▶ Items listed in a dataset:
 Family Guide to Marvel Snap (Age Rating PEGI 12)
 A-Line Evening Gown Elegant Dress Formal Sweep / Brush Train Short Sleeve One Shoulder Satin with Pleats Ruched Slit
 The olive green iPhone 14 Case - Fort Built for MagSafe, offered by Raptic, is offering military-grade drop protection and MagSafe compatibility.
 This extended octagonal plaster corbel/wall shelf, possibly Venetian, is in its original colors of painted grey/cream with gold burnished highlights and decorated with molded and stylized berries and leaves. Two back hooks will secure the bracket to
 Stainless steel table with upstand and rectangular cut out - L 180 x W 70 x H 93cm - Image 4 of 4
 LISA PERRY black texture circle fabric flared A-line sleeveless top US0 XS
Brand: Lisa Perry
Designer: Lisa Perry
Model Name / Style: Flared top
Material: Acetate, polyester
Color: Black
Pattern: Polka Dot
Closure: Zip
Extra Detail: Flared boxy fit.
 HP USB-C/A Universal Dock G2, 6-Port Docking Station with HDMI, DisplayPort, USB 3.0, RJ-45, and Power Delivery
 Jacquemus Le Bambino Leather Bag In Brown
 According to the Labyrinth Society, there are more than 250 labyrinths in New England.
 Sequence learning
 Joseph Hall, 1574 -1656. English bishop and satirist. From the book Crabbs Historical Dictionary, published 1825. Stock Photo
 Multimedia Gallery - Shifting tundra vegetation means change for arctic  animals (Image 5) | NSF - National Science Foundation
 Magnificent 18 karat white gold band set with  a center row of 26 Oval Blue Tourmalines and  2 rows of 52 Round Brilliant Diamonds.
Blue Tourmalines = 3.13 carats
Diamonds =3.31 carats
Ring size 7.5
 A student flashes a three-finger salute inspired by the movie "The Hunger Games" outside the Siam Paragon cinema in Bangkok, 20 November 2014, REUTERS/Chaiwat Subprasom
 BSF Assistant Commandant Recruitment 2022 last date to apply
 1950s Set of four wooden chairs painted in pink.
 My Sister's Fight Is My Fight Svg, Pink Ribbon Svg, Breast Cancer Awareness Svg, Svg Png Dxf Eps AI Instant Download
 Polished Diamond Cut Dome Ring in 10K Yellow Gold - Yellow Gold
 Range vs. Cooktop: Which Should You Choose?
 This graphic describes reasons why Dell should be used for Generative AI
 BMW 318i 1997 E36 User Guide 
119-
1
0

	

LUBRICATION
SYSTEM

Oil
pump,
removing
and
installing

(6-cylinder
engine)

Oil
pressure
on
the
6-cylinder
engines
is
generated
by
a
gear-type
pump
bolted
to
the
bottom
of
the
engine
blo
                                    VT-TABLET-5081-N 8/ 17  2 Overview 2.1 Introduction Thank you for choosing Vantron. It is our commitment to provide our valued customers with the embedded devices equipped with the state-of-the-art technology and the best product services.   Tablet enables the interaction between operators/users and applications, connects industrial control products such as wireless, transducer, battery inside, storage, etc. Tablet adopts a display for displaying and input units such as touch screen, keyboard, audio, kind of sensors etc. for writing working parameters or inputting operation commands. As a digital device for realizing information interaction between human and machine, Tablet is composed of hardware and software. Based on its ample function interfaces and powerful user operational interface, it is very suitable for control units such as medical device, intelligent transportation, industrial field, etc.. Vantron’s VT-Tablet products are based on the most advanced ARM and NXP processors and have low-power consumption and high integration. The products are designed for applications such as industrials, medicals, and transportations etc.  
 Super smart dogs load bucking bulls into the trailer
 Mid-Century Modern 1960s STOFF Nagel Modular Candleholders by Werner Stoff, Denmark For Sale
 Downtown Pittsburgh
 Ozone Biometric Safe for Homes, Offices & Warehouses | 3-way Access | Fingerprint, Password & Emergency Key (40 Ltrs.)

▶ Task instructions:
Return each line of the records above exactly as it reads.

▶ Reply to the exercise:
 Family Guide to Marvel Snap (Age Rating PEGI 12)
 A-Line Evening Gown Elegant Dress Formal Sweep / Brush Train Short Sleeve One Shoulder Satin with Pleats Ruched Slit
 The olive green iPhone 14 Case - Fort Built for MagSafe, offered by Raptic, is offering military-grade drop protection and MagSafe compatibility.
 This extended octagonal plaster corbel/wall shelf, possibly Venetian, is in its original colors of painted grey/cream with gold burnished highlights and decorated with molded and stylized berries and leaves. Two back hooks will secure the bracket to
 Stainless steel table with upstand and rectangular cut out - L 180 x W 70 x H 93cm - Image 4 of 4
 LISA PERRY black texture circle fabric flared A-line sleeveless top US0 XS
Brand: Lisa Perry
Designer: Lisa Perry
Model Name / Style: Flared top
Material: Acetate, polyester
Color: Black
Pattern: Polka Dot
Closure: Zip
Extra Detail: Flared boxy fit.
 HP USB-C/A Universal Dock G2, 6-Port Docking Station with HDMI, DisplayPort, USB 3.0, RJ-45, and Power Delivery
 Jacquemus Le Bambino Leather Bag In Brown
 According to the Labyrinth Society, there are more than 250 labyrinths in New England.
 Sequence learning
 Joseph Hall, 1574 -1656. English bishop and satirist. From the book Crabbs Historical Dictionary, published 1825. Stock Photo
 Multimedia Gallery - Shifting tundra vegetation means change for arctic  animals (Image 5) | NSF - National Science Foundation
 Magnificent 18 karat white gold band set with  a center row of 26 Oval Blue Tourmalines and  2 rows of 52 Round Brilliant Diamonds.
Blue Tourmalines = 3.13 carats
Diamonds =3.31 carats
Ring size 7.5
 A student flashes a three-finger salute inspired by the movie "The Hunger Games" outside the Siam Paragon cinema in Bangkok, 20 November 2014, REUTERS/Chaiwat Subprasom
 BSF Assistant Commandant Recruitment 2022 last date to apply
 1950s Set of four wooden chairs painted in pink.
 My Sister's Fight Is My Fight Svg, Pink Ribbon Svg, Breast Cancer Awareness Svg, Svg Png Dxf Eps AI Instant Download
 Polished Diamond Cut Dome Ring in 10K Yellow Gold - Yellow Gold
 Range vs. Cooktop: Which Should You Choose?
 This graphic describes reasons why Dell should be used for Generative AI
 BMW 318i 1997 E36 User Guide 
119-
1
0

	

LUBRICATION
SYSTEM

Oil
pump,
removing
and
installing

(6-cylinder
engine)

Oil
pressure
on
the
6-cylinder
engines
is
generated
by
a
gear-type
pump
bolted
to
the
bottom
of
the
engine
blo
                                    VT-TABLET-5081-N 8/ 17  2 Overview 2.1 Introduction Thank you for choosing Vantron. It is our commitment to provide our valued customers with the embedded devices equipped with the state-of-the-art technology and the best product services.   Tablet enables the interaction between operators/users and applications, connects industrial control products such as wireless, transducer, battery inside, storage, etc. Tablet adopts a display for displaying and input units such as touch screen, keyboard, audio, kind of sensors etc. for writing working parameters or inputting operation commands. As a digital device for realizing information interaction between human and machine, Tablet is composed of hardware and software. Based on its ample function interfaces and powerful user operational interface, it is very suitable for control units such as medical device, intelligent transportation, industrial field, etc.. Vantron’s VT-Tablet products are based on the most advanced ARM and NXP processors and have low-power consumption and high integration. The products are designed for applications such as industrials, medicals, and transportations etc.  
 Super smart dogs load bucking bulls into the trailer
 Mid-Century Modern 1960s STOFF Nagel Modular Candleholders by Werner Stoff, Denmark For Sale
 Downtown Pittsburgh
 Ozone Biometric Safe for Homes, Offices & Warehouses | 3-way Access | Fingerprint, Password & Emergency Key (40 Ltrs.)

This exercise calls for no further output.